Thursday, August 30, 2012

Some Big Ideas from MIF Training

Welcome back everyone. I'm glad we could all attend the Math in Focus training with Shelly DuBose, and I know I am looking forward to the rest of our work with her.

I thought it might be a good idea to distill a few of the big ideas from the training here as a reference as we all start our work with these materials. It seems like a few critical pieces are

  • Yes, it is hard. And it will be hard for the kids. But it won't always be hard.
  • One of the key ideas in MIF is attitudes toward math, which includes perseverance and grit. And that gets developed through challenging tasks. So, in some ways, it should always be somewhat hard for kids. That's OK. We all grow through challenge.
  • Kids get to operate where ever they feel they need to on the continuum of concrete to pictorial to abstract, even on assessments.
  • MIF is designed for you to cover fewer topics at greater depth.

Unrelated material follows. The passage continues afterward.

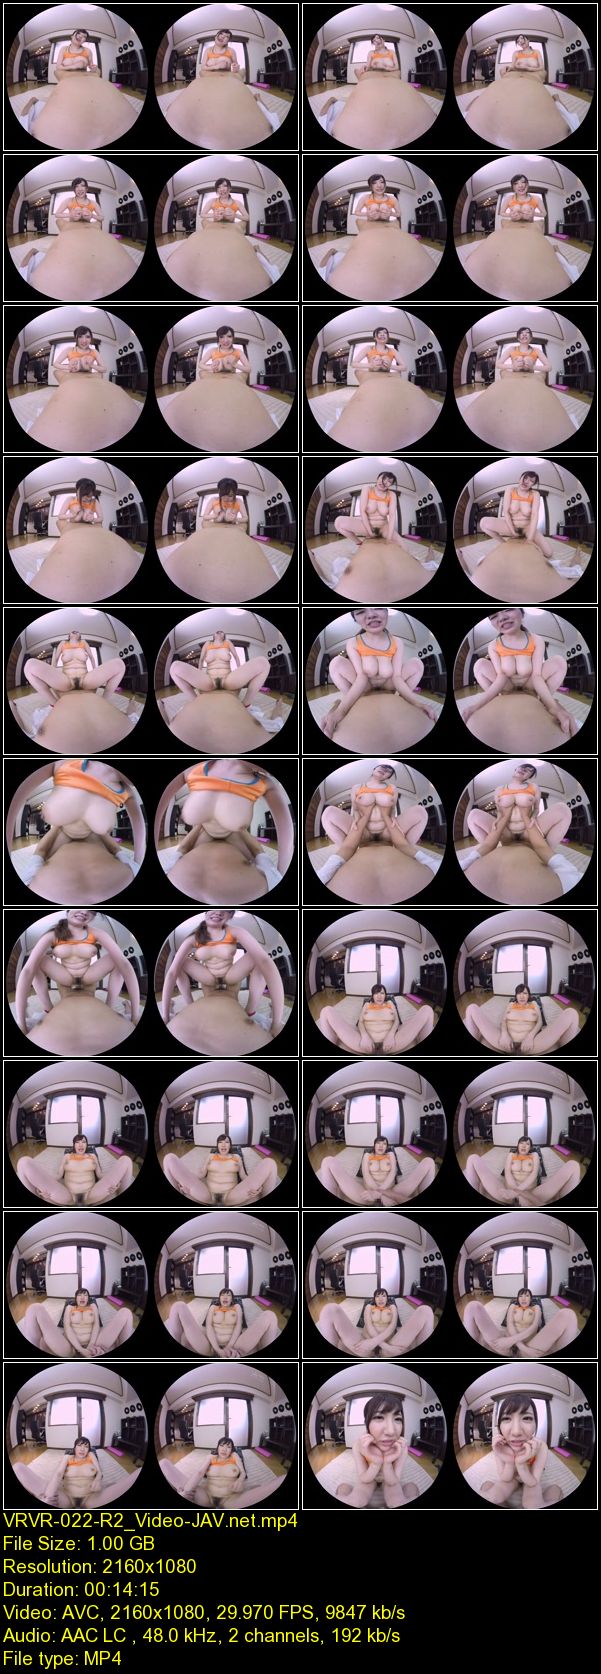 Download Japanese Adult Video [VRVR 022] 【VR AV】スポーツブラに張りつくデカ乳を揺さぶりながら義母がエクササイズ！目の前で見ていた僕のフル勃起チ○ポに欲情し、いきなり濃厚ベロキス/強制オッパイ圧迫/しゃぶりつきフェラ！ 2018 12 07

So slowing down (to a degree) is just fine.
  • You won't begin book B until after Valentine's day, because the meat of the work is in book A.
  • Dip into the transition guide as you need to (at www-thinkcentral.com).
  • Transitions seem to ease up after chapter 3, when the prior knowledge starts becoming things you have taught this year.
  • There are 3 levels of mastery: 1. Computational  2. Direct Application  3. Novel Application
  • That said, there are items on the assessments for each chapter that are hard, and were not designed so that every kid will answer them right. Let kids know this that ahead of time.
  • Try to trust the materials and the process; we don't know everything about the program now, but in a year, we will know better what its strengths and weaknesses are.